We suspected if we keep a large number of mailboxes in sync might affect throttling or the overall migration velocity.

Another important part is how long MRS will sustain the synced mailboxes. The documentation https://support.office.com/en-us/article/Manage-migration-batches-in-Office-365-d164b35c-f624-4f83-ac58-b7cae96ab331 figures if a migration batch has no administrator interaction (nobody touching it) for 90 days, it will be automatically stopped. 30 days later, again if no administrator interaction, it would then be deleted. We have had some batches longer in a synced state for testing purposes, but we don’t want to fall into this limit in our production “migration” environment.

However, our problem was the delay in between when the request gets marked as complete, and when the batch status on the portal or Get-MigrationBatch gets updated and shows complete. We are using the status of the migration batch because there is some automated logic behind the migration for different pre and post hybrid migration tasks.

An example: a batch was started (CompleteAfter) 01/29 00:01 AM and showed completed in the portal and with Get-MigrationBatch at 01/29 13:00 PM. Nearly at the same time the email report from Exchange Online was sent as well.

I did some research with Ben’s help with the following cmdlets:

$moves = Get-MoveRequest -batchname “MigrationService:20180130T000100_MB_X-X” | Get-MoveRequestStatistics

$moves | select identity, completeafter, finalsynctimestamp, completiontimestamp

Interesting to see that the CompletionTimestamp flag for every move request (1,863 mailboxes in the batch) was finished only about 2 hours later.

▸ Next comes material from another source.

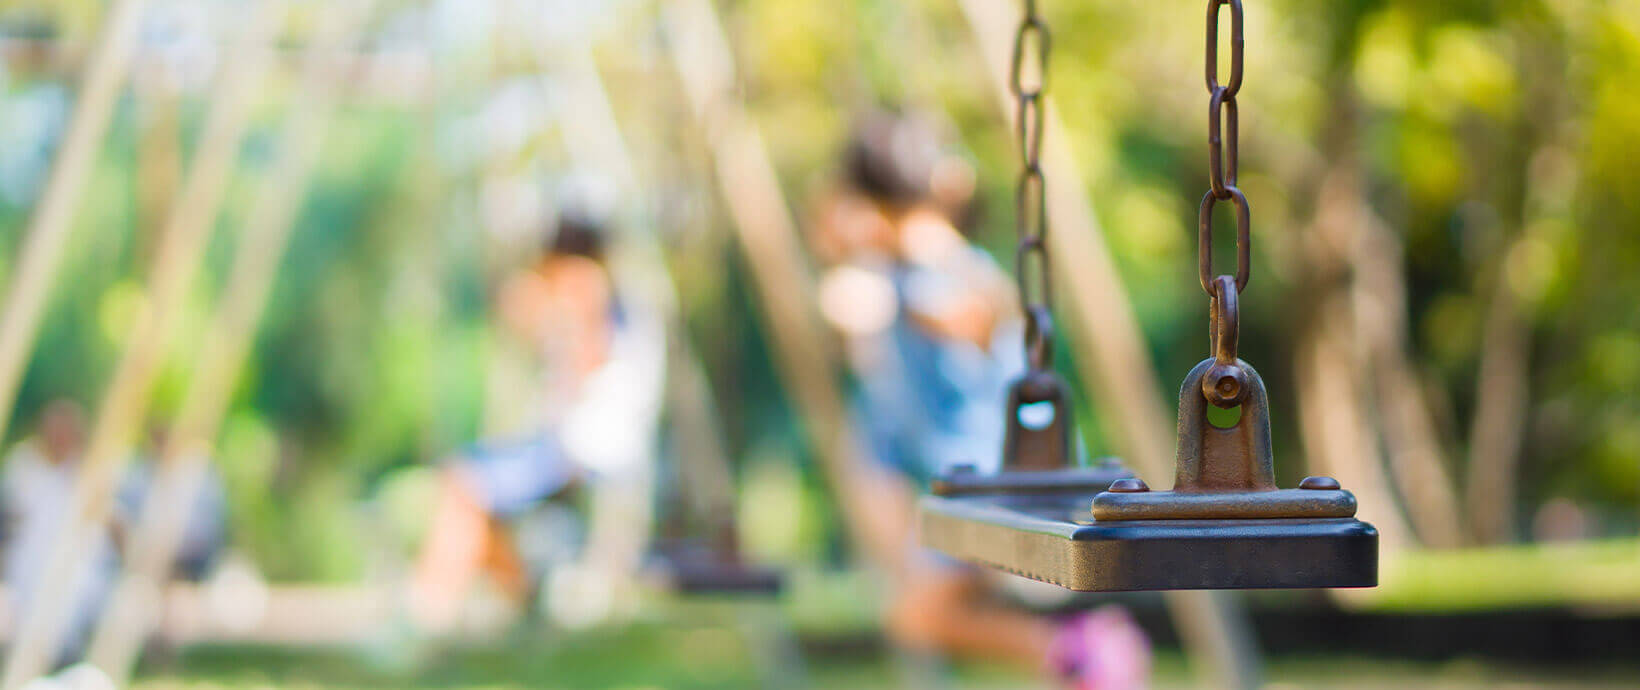 What the Playground Can Teach Us About Resonance in Dynamics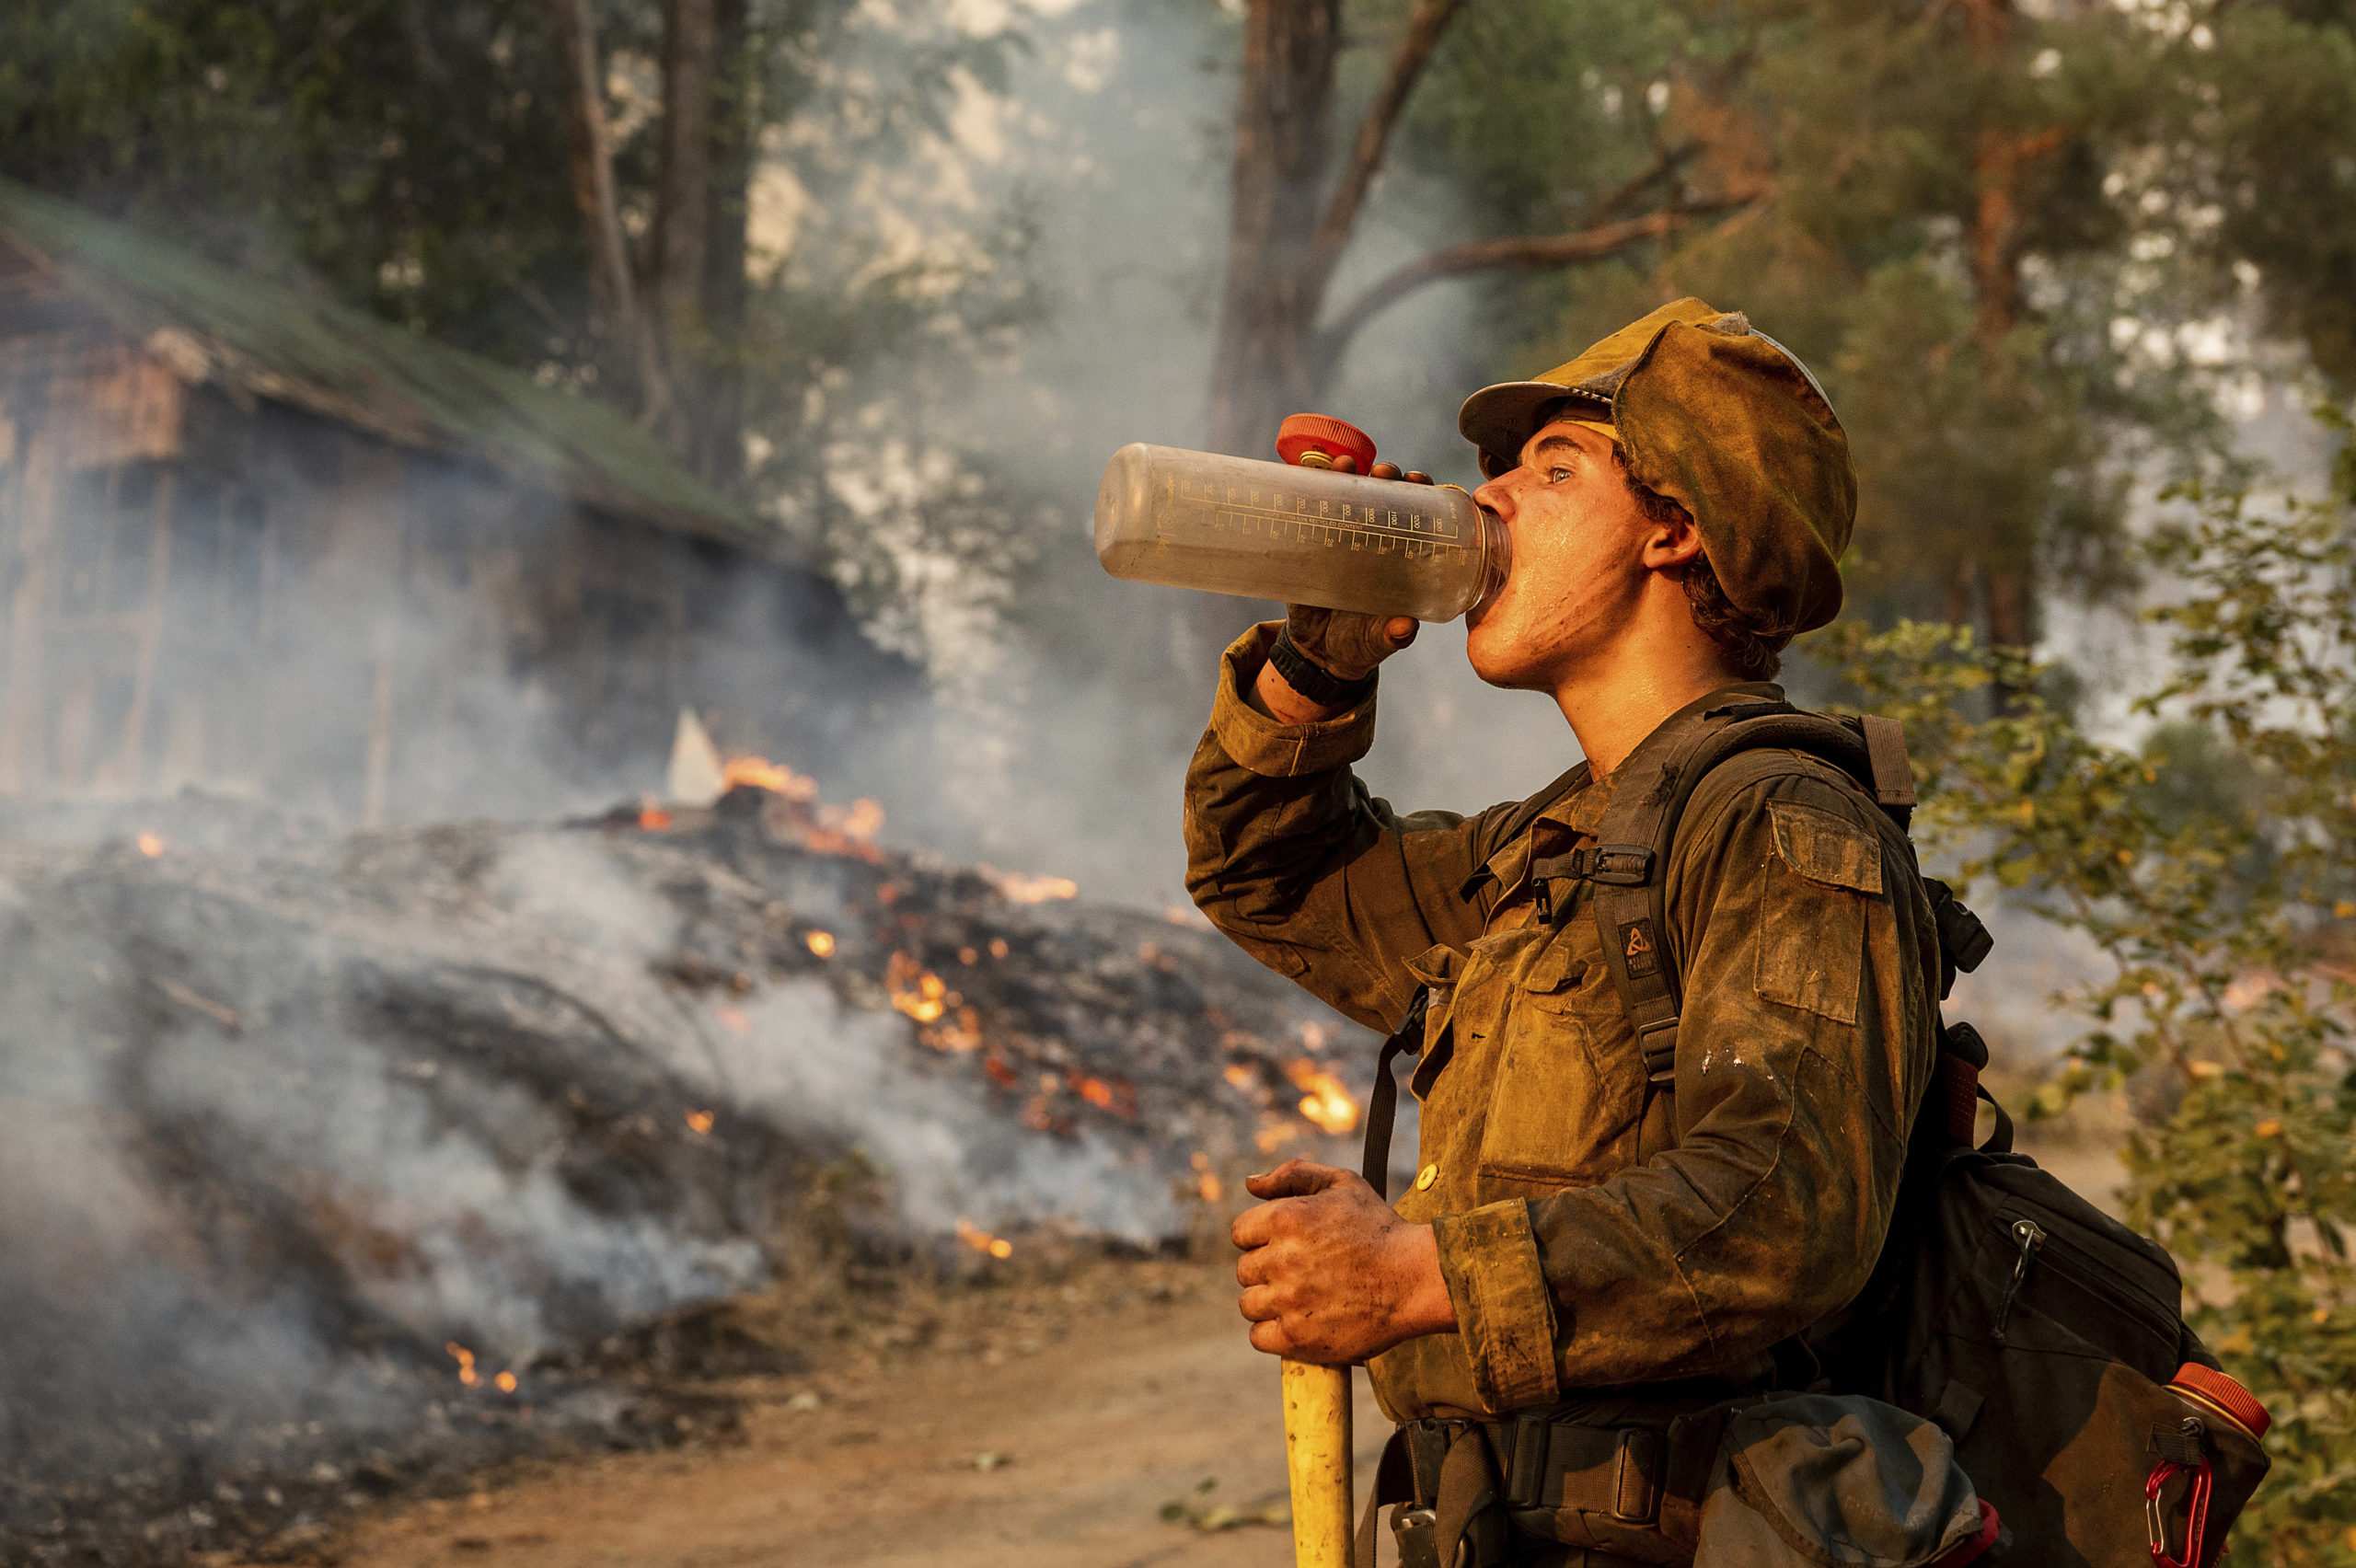 Firefighter Trapper Gephart of Alaska's Pioneer Peak Interagency Hotshot crew takes a drink while battling the Mosquito Fire in the Volcanoville community of El Dorado County, California, on Friday.

Identity CompleteAfter        FinalSyncTimestamp   CompletionTimestamp

——– ————-        ——————   ——————-

XXXXX    1/29/2018 12:17:19 AM 1/29/2018 2:20:15 AM 1/29/2018 2:22:08 AM

XXXXX    1/29/2018 12:17:19 AM 1/29/2018 2:20:35 AM 1/29/2018 2:23:23 AM

XXXXX    1/29/2018 12:17:19 AM 1/29/2018 2:20:41 AM 1/29/2018 2:22:40 AM

XXXXX    1/29/2018 12:17:19 AM 1/29/2018 2:20:51 AM 1/29/2018 2:23:03 AM

XXXXX    1/29/2018 12:17:19 AM 1/29/2018 3:13:16 AM 1/29/2018 3:14:24 AM

Another approach from Ben was to check the activity on the migration endpoints:

Get-MigrationEndpoint | fl *active*

ActiveMigrationCount       : 0

ActiveIncrementalSyncCount : 0

ActiveMigrationCount       : 0

ActiveIncrementalSyncCount : 0

20180212T000100_MB_X-X                     Syncing   ExchangeRemoteMove 96

20180221T000100_MB_X-X                     Synced   ExchangeRemoteMove 98

20181231T000100_MB_X-X                    Syncing   ExchangeRemoteMove 1322

20180215T210000_MB_X-X                     Synced   ExchangeRemoteMove 5

20180213T210000_MB_X-X                     Synced   ExchangeRemoteMove 5

20180214T210000_MB_X-X                     Syncing   ExchangeRemoteMove 14

20180221T000100_MB_X-X                     Synced   ExchangeRemoteMove 101

20180207T114420_MB_X-X                     Completed ExchangeRemoteMove 1

20180221T000100_MB_X-X                     Syncing   ExchangeRemoteMove 98

20180221T000100_MB_X-X                     Syncing   ExchangeRemoteMove 95

20180221T000100_MB_X-X                     Syncing   ExchangeRemoteMove 94

20180208T093847_MB_X-X                     Syncing   ExchangeRemoteMove 1

But it seems this is not accurate enough.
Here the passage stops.